А вот в это не верю. Ну не бывает таких мужчин, чтоб на Динку не глядели, пусть исподтишка, пусть без надежды на взаимность, но глядели, любуясь совершенной льдистой красотой.
– Я б вообще решила, что маньяк, ну, понимаешь, из этих, которые сначала стесняются, а потом режут, но Ив говорит, что Ижицын просто баб остерегается.
– Это как?
– А, раз его прадеда любовь сгубила, то, пока не найдется семейный талисман, никакой любви. Спать можно, а любить никак… а талисман тот пропал, когда история приключилась, ну помнишь, о которой Ив рассказывал?
Помню.
– В общем, тебе сегодня велено передать, чтоб ты не особо напрягалась, на неделе спец по реставрации приедет, ты ему покажешь, чего там делать… не, ну Вась, я тебе как спец говорю, он в тебя втюрился. А если еще нет, то вот-вот. – Динка шумно отхлебнула от чашки. – Давно пора, а то сколько можно?! И не кривись, знаешь, о чем я. Мучаешься все еще из-за Кольки, а он придурок и скотина, которая тобою пользуется…
Кофе остыл, стал горьким и невкусным. Почти как Динкины слова, хотя, наверное, кое в чем она права, моя холодная, расчетливая и умная Динка-Льдинка.
Ижицын С.Д. Дневник
Ангел, сердоликовый ангел… сбывшаяся сказка… Иных объяснений не вижу, не нахожу. Спасибо ему, я счастлив. Я уже забыл, как возможно такое абсолютное ощущение счастья. Даже с Машей подобного не было…

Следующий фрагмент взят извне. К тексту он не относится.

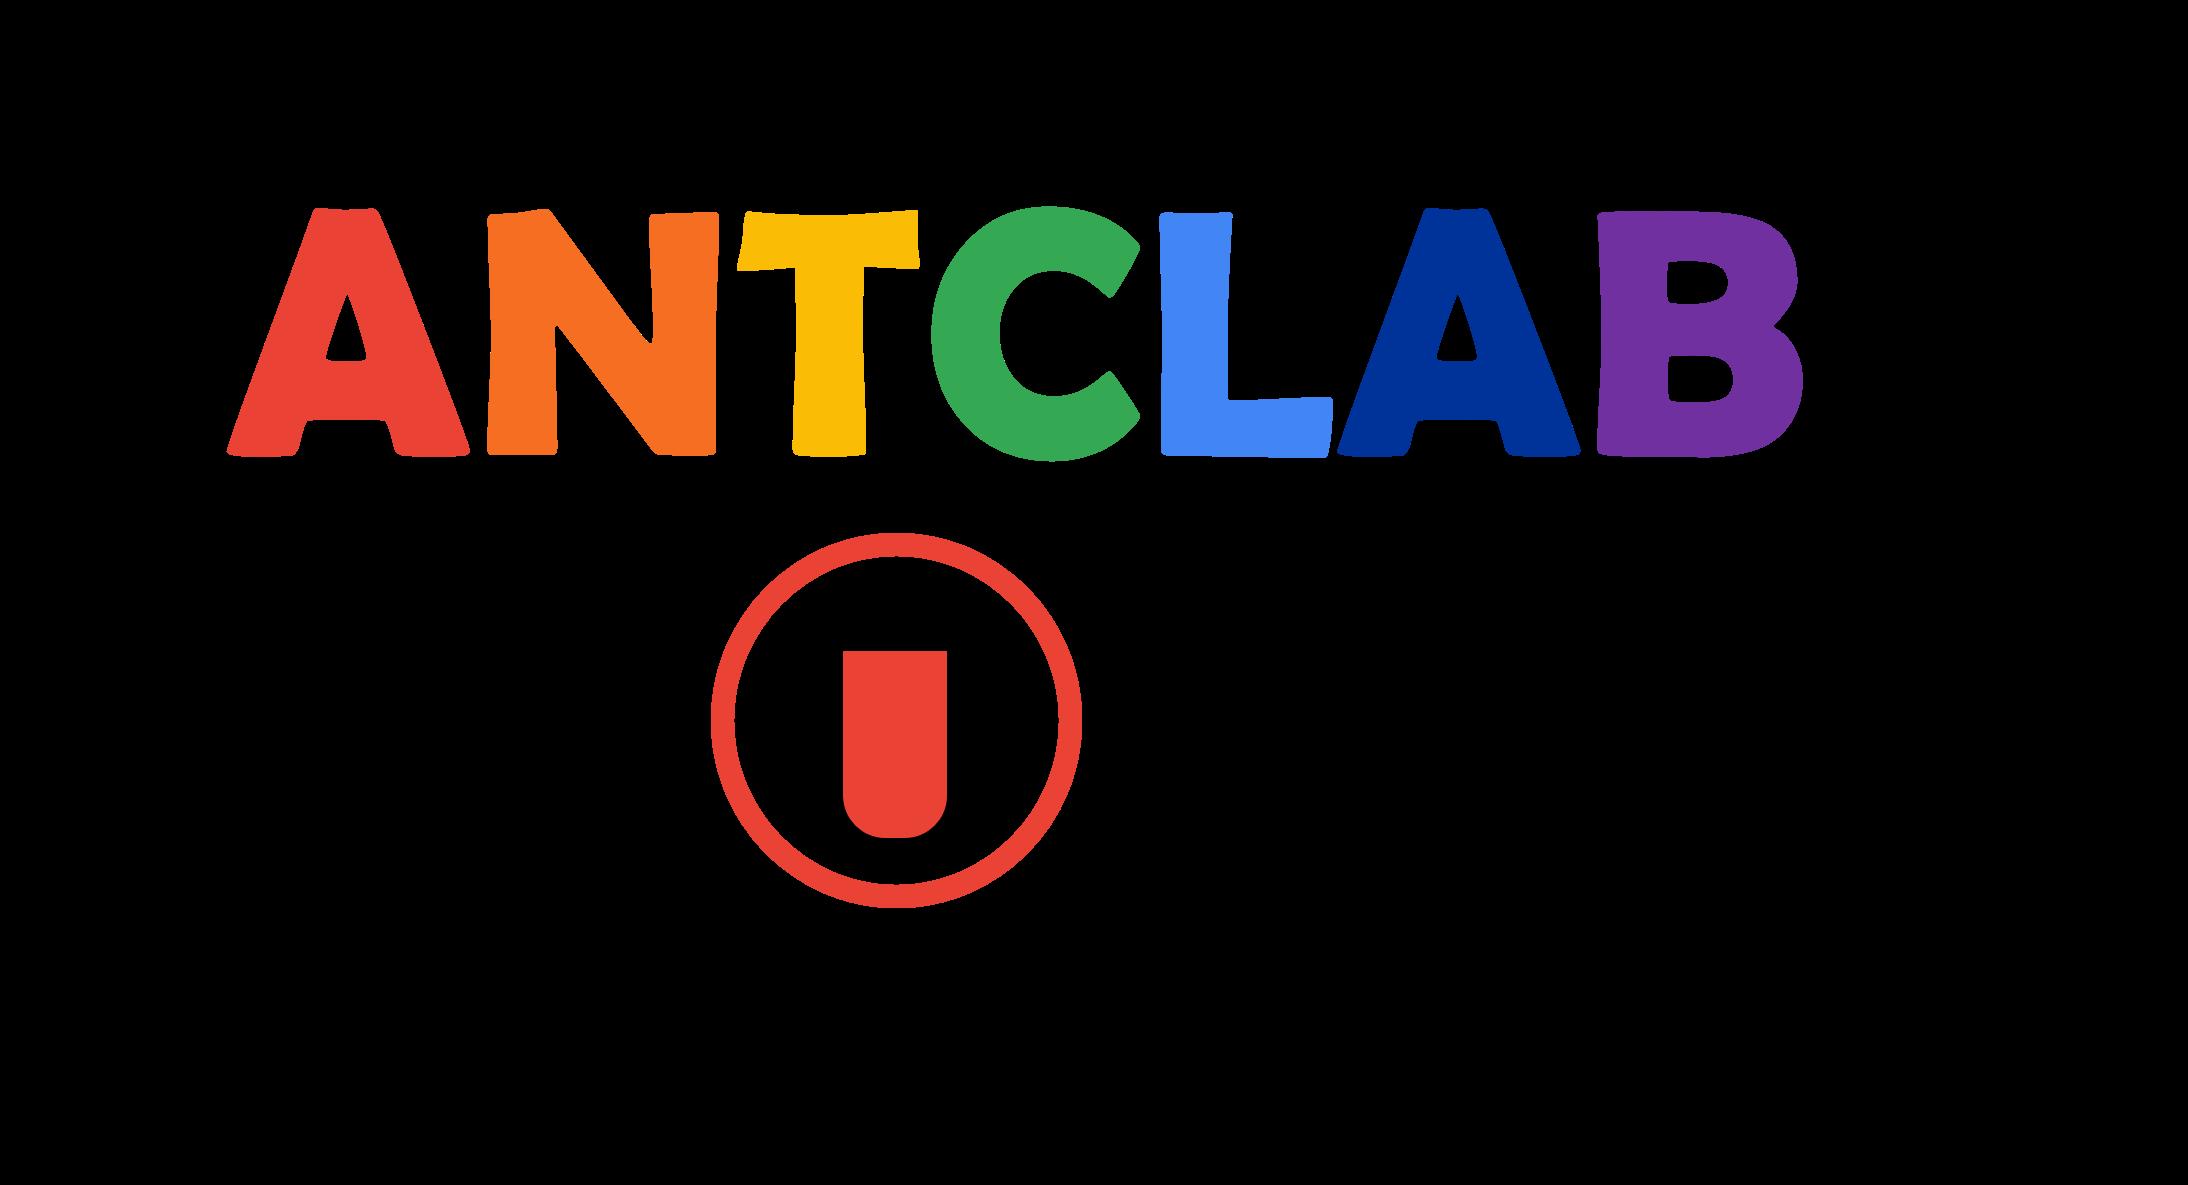 www.antclabs.com

Маша… Если Наталья про нее узнает, то всему наступит конец. А ведь рано или поздно узнает, по дому ходят слухи о призраке той самой горничной, которая свалилась с лестницы. Про тайную комнату никто не догадывается, однако же видят, что Ульяна то исчезает, то вновь появляется, подтверждая тем самым свою ведьмовскую репутацию. Пускай, лишь бы следить никто не начал.
Маша, Машенька вчера кричала, в ней все меньше человеческого, все больше непонятной, пугающей меня злобы. Опиум почти не действует, а держать ее все время связанною, как некогда мне рекомендовали, бесчеловечно.
И все же я счастлив…
Приписано позже:
Наталья сказала, что ждет ребенка. Спасибо тебе, Господи!
Вчерашний вечерний поход и мокрые ноги обернулись обострившейся простудой, нос тут же заложило, а в груди то и дело возникал сухой колючий шарик кашля. Откашливалось тяжело и мучительно. Нет, все-таки не зря он недолюбливал осень. Осенью дома сидеть надо, у батареи и обогревателя, и еще духовку включить для пущей надежности.
Матвей с самого утра постановил, что сегодня из дому не выйдет. Ни за двойной, ни за тройной гонорар, и пусть хоть весь этот долбаный город себе вены перережет. Но решение решением, а кое-что выяснить не мешало бы.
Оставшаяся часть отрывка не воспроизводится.